Q: CIRRUS is well-known
for CAPS, the whole-airplane parachute recovery system. What
was the logic behind your company’s commitment to installing
a parachute in every plane it produces?
A: In 1985 my brother Alan
had a mid-air collision. The other airplane’s wing
was severed from the fuselage and the pilot tragically died
in the crash. Alan’s airplane lost a big chunk of its
wing, including half of the aileron, making it almost impossible
to control. He was able to get it back to the airport by
keeping the speed very high – about 140 KIAS – and
using full aileron deflection, but even with that configuration
he was still in a turn at touchdown.
From that moment on, Alan decided there had
to be another way – a safer way. His was a completely
freak accident, on a beautiful day with unlimited visibility.
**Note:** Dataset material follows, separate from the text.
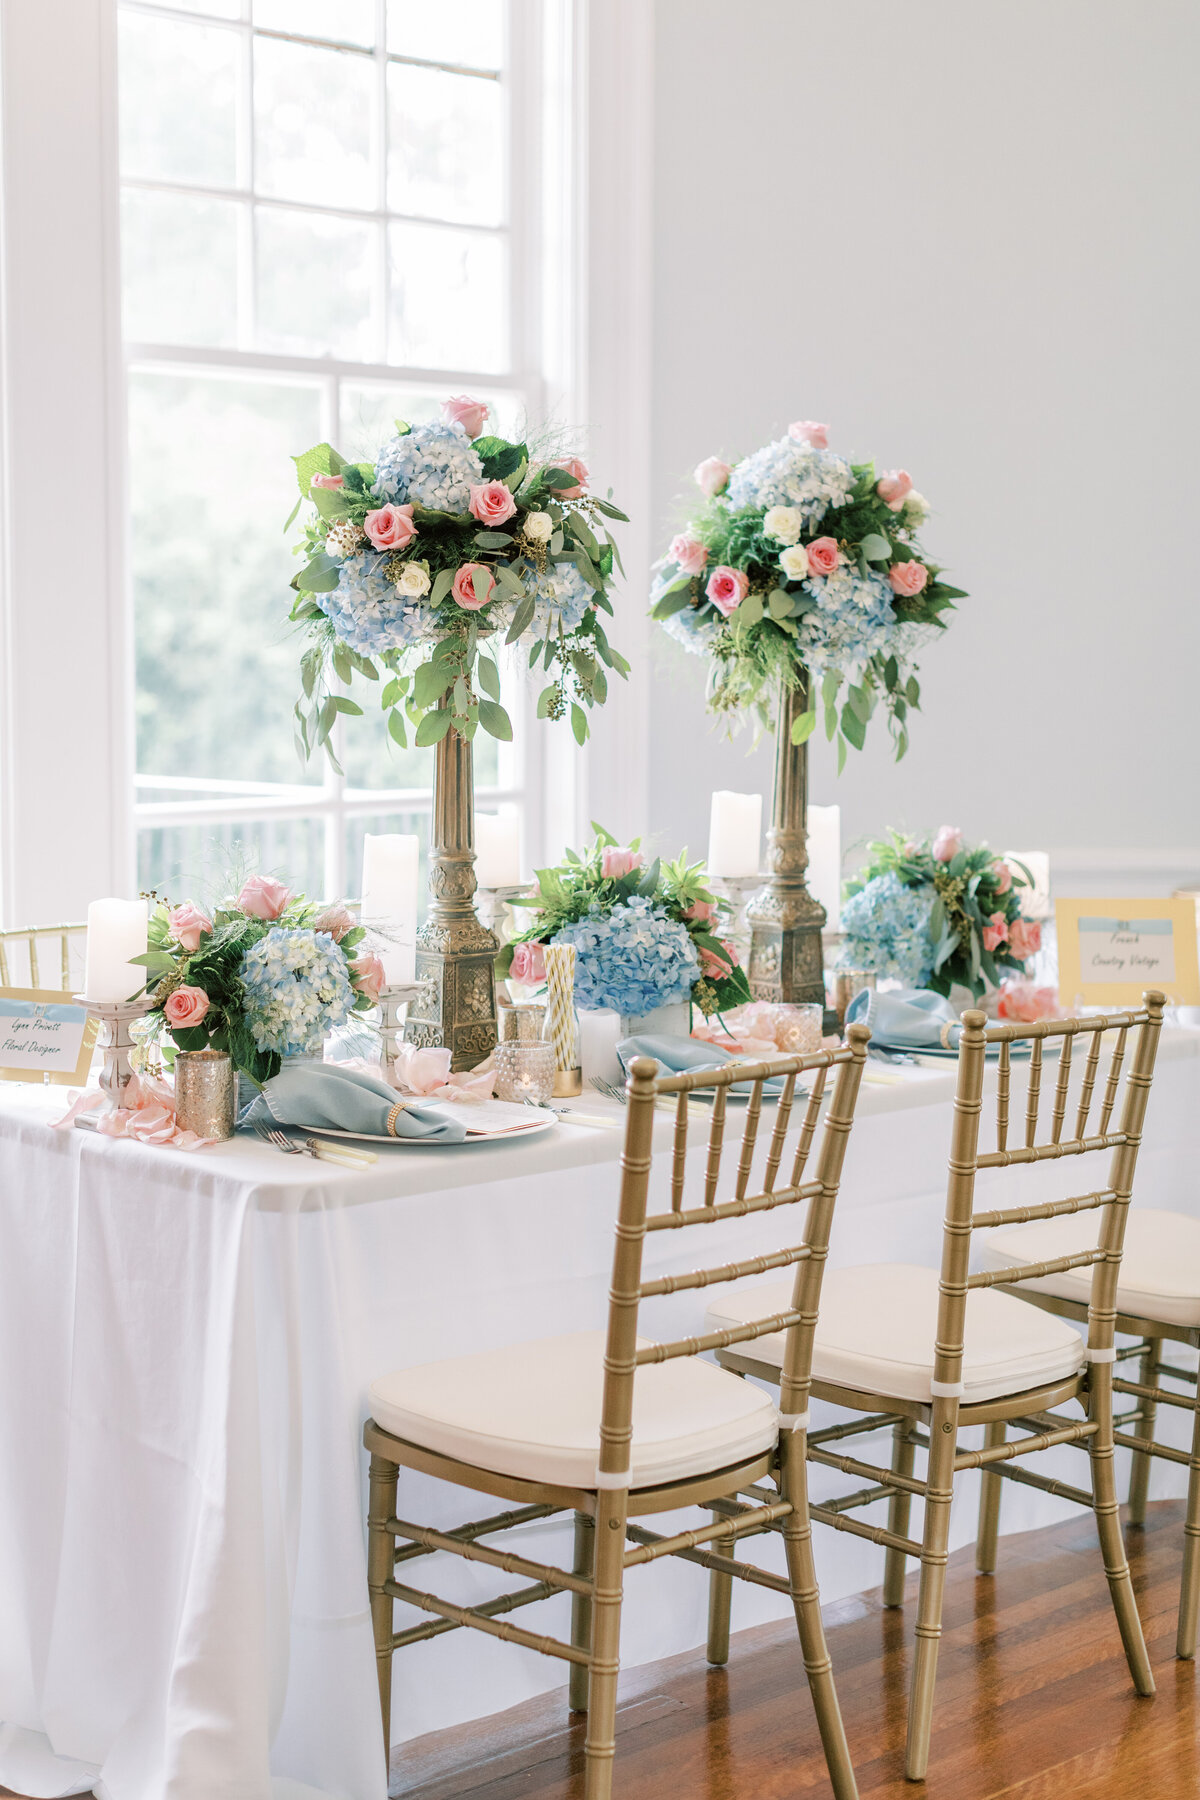 A beautiful floral tablescape sits on the table.

It was nobody’s fault and could have happened to anybody,
yet one person lost his life. Why? Because whatever endeavor
humans are involved in creates the chance for accidents to
occur. It was immediately after the mid-air that Alan began
his search – and what ultimately became his quest – to
find a way to make flying safer.
Q: That’s interesting,
because there is a misconception that the parachute’s
development and standard installation on CIRRUS aircraft
came about as a spin recovery device.
A: Safety is a huge priority
at CIRRUS. It’s been that way from the beginning and
it’s the one thing that will never change. The force
behind the parachute and every other device in our planes
from the PFD (Primary Flight Display) to the MFD (Multi-Function
Display) is, ‘how can we make the flying experience
safer and easier?’
The answer is technology. For over four decades
pilots accepted little or no improvement in airplanes. Can
you imagine that happening with the automotive industry?
Do you think people would just keep buying and driving cars
that were nearly identical in design, safety, comfort, and
efficiency to what was available in the 1950’s?
From the time we first conceived of the SR20,
we knew that it was going to have a parachute. After the
mid-air collision accident, that was the one absolute we
worked with: that the airplane would have a recovery chute
system. Initially we did about 40 parachute drops with BRS
out in the desert near Kingman, Arizona, working to develop
the right system for our airplane. We needed it to open quickly
at low airspeeds, but also be able to open safely as the
speed increases. Methods to minimize the loads on the chute
and on the airframe needed to be created.
It was during that phase of development we
realized that the chute could bring even greater safety advantages
to the industry beyond just the relatively rare mid-air or
mechanical problem accidents – it could actually change
the way people fly airplanes. That realization was a driver
behind the revolutionary design of our wing.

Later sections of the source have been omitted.